Composting at Jugra Palm Oil Mill

Acknowledgment:  I would like to thank Jugra Palm Oil Sdn Bhd and especially Mr. Kester Chin the Technical Director of GreenEarth INTL Holdings Sdn. Bhd. for taking the time to explain the composting process for the agro-waste generated from Palm Oil mill. 

Introduction: This post presents the findings of the field visit to Jugra Palm Oil Mill on 1^st December 2012. The post will mainly focus on the methods used in the oil mill to compost the organic waste generated from palm oil production process.

Composting Process: The main organic “waste” materials generated from the palm oil production process are empty palm oil fruit bunches (shortly referred to as EFB), mesocarp fibers and Palm Oil Mill Effluent (POME). The solid organic waste are brought into the composting field in large Lorries, and piled into rows (referred to as windrow), with a help of an excavator in the open (Figure 1).

Figure 1 (Left panel) Lorry carrying Empty Fruit Bunches and husky material from the mill to composting area (Right panel) newly laid windrow fresh EFB

The new batch of organic waste is inoculated with microbes (aerobic bacteria such as ligninolytic bacteria and fungi). A trigger such as Ferrous sulphate or Urea is sometimes added (in very small quantity e.g. 1000 mg per 1 ton of compost) to kick start the microbial activity.

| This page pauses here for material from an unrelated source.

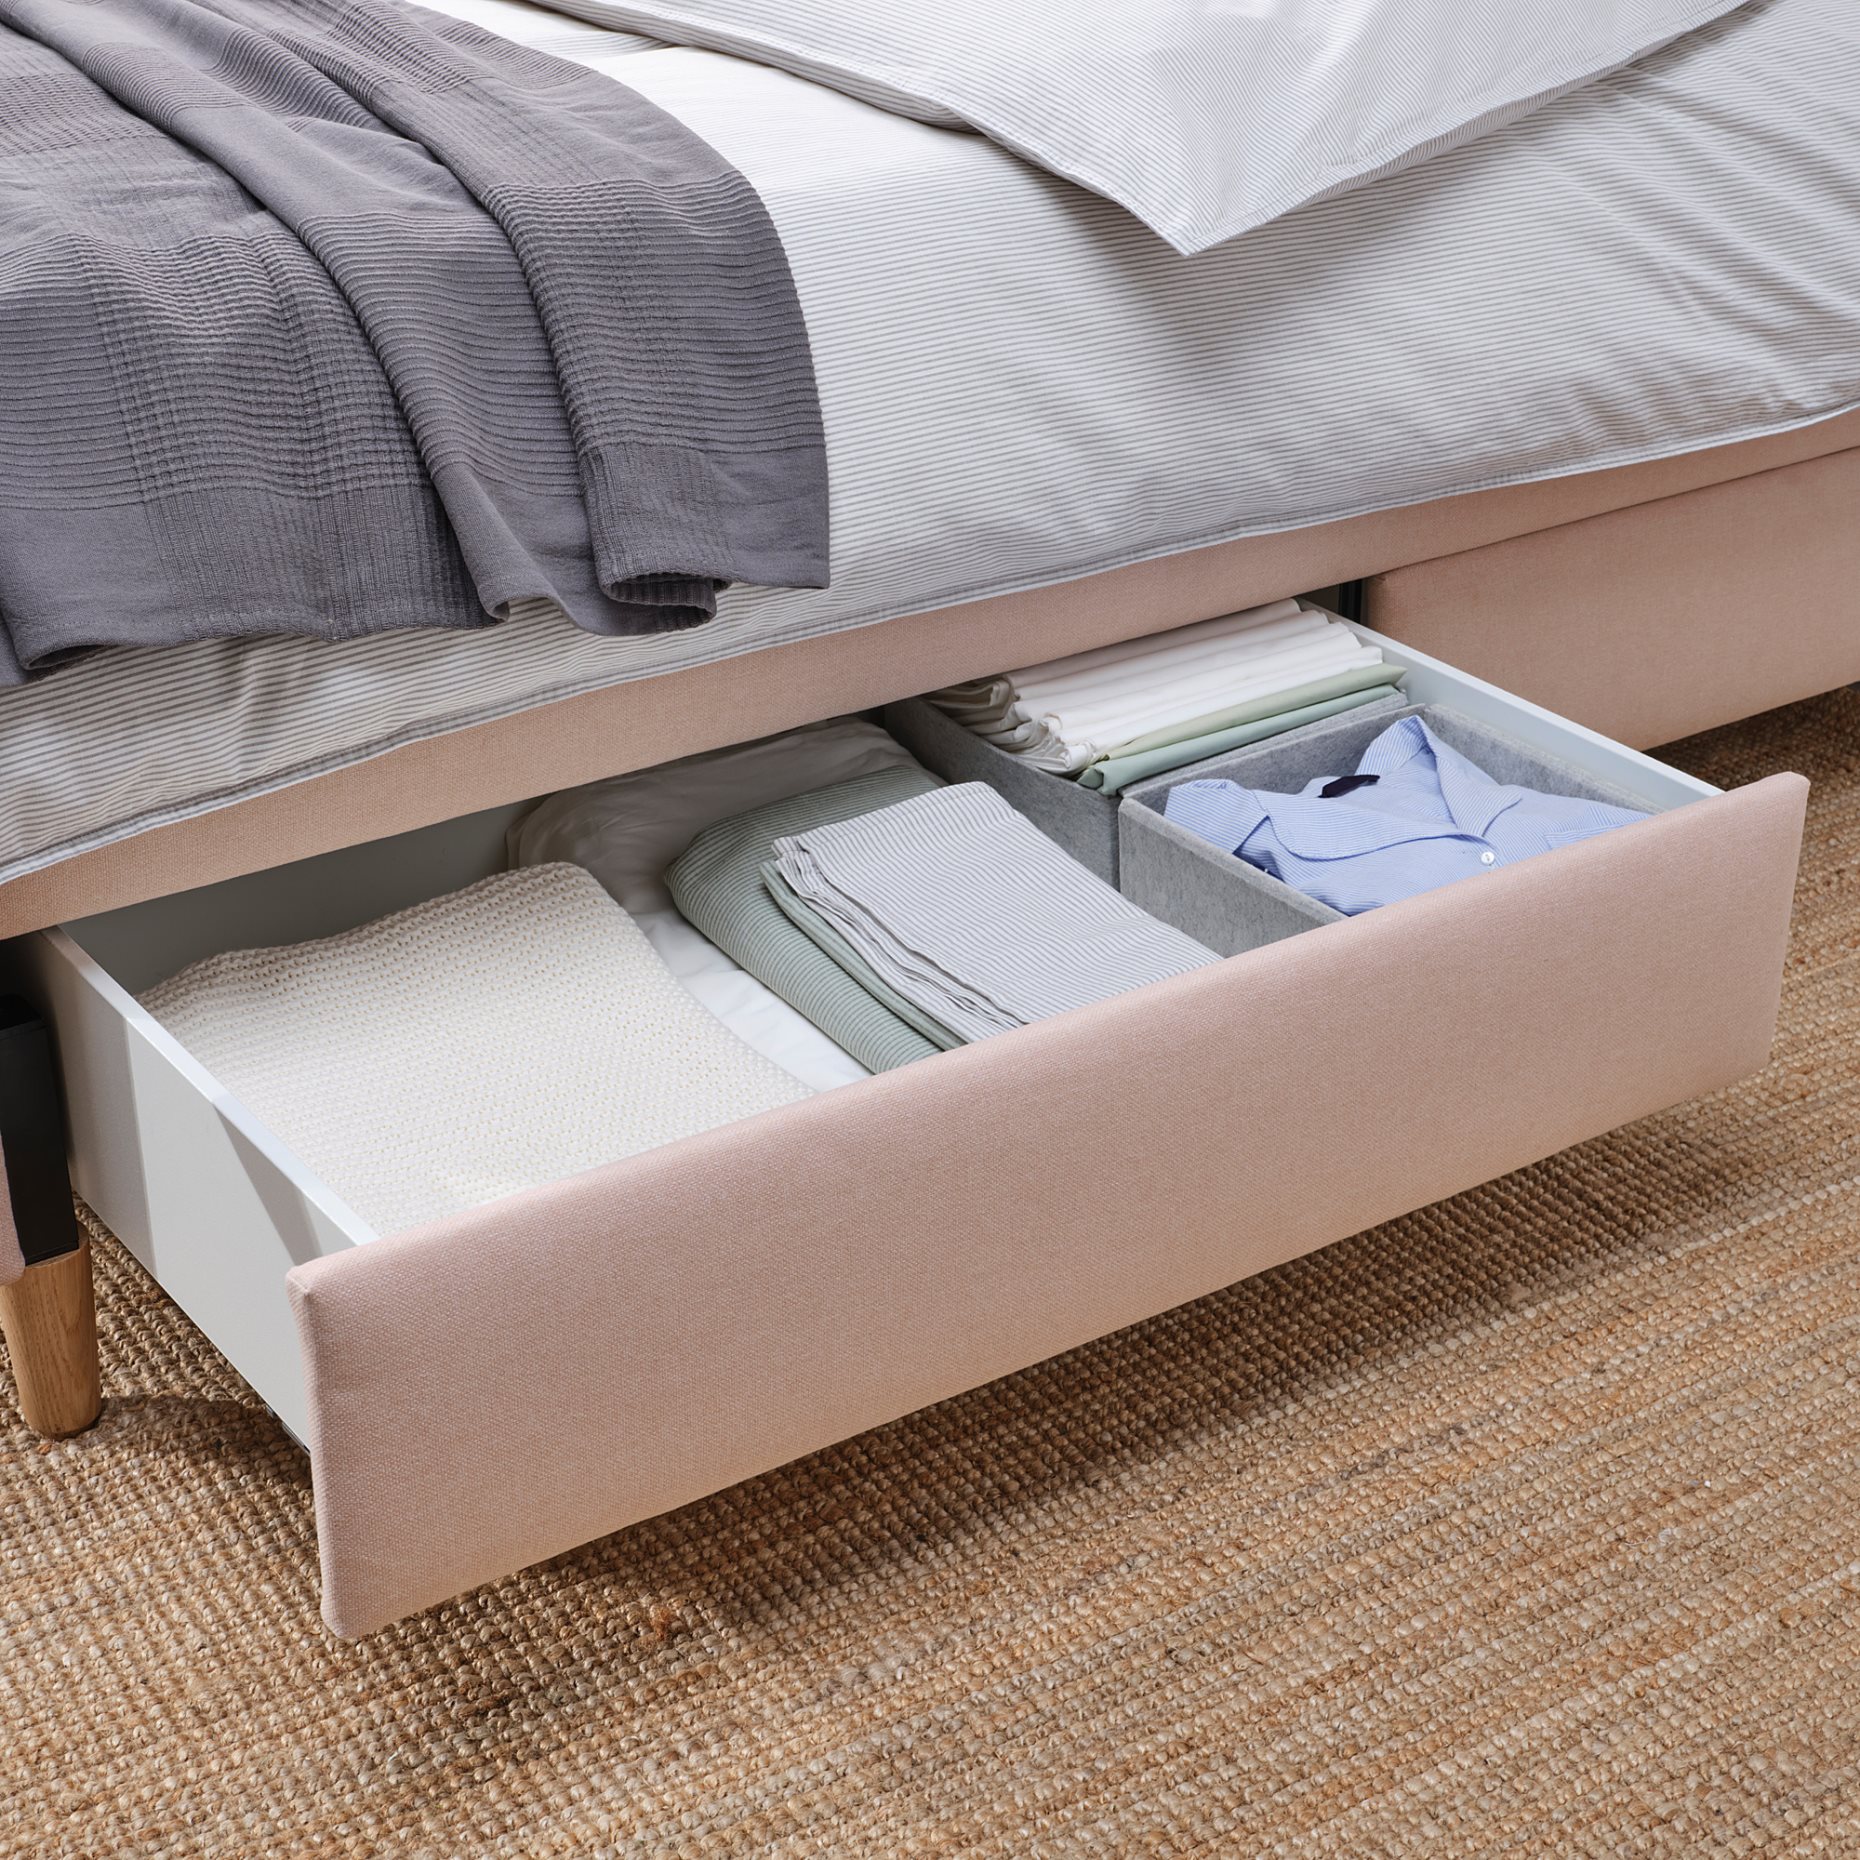 IDANÄS, upholstered storage bed, 180x200 cm, 304.471.79

In addition, the sludge (rich in microbes) from the POME treatment pond is also added to the windrow to produce compost. POME treatment takes place via a series of anaerobic and aerobic treatment ponds; the sludge that settles on the bottom of the aerobic treatment tank is pumped out with a help of sludge pump and transferred to the compost pile.

Figure 2 (Left panel) Anaerobic POME treatment pond, (Right panel) aerobic POME treatment pond

The pile is kept damp with help of micro-sprinklers, which waters the pile continuously with POME. This also helps the oil mill to deplete the POME in a useful manner.

The compost process heats up the pile to up to 75 – 80 ^oC, and releases steam, Methane and Hyrdrogen Sulphide Gas. These gases are responsible for the distinctive pungent odor at the composting area.

Once every two weeks the windrow is turned with a help of an excavator (Figure 3); this is to allow Oxygen into the pile and ensure aerobic conditions for the microbial functions. It takes over 6 months for a pile to turn into compost. Once ready the pile is transferred to the processing area.

Figure 3 Excavator used to turn the windrow

In the processing area, the compost pile will be sieved into different size and additional microbes such as nitrogen fixing bacteria (Azotobacter) are added as value addition. One ton of this compost material currently is worth RM 600.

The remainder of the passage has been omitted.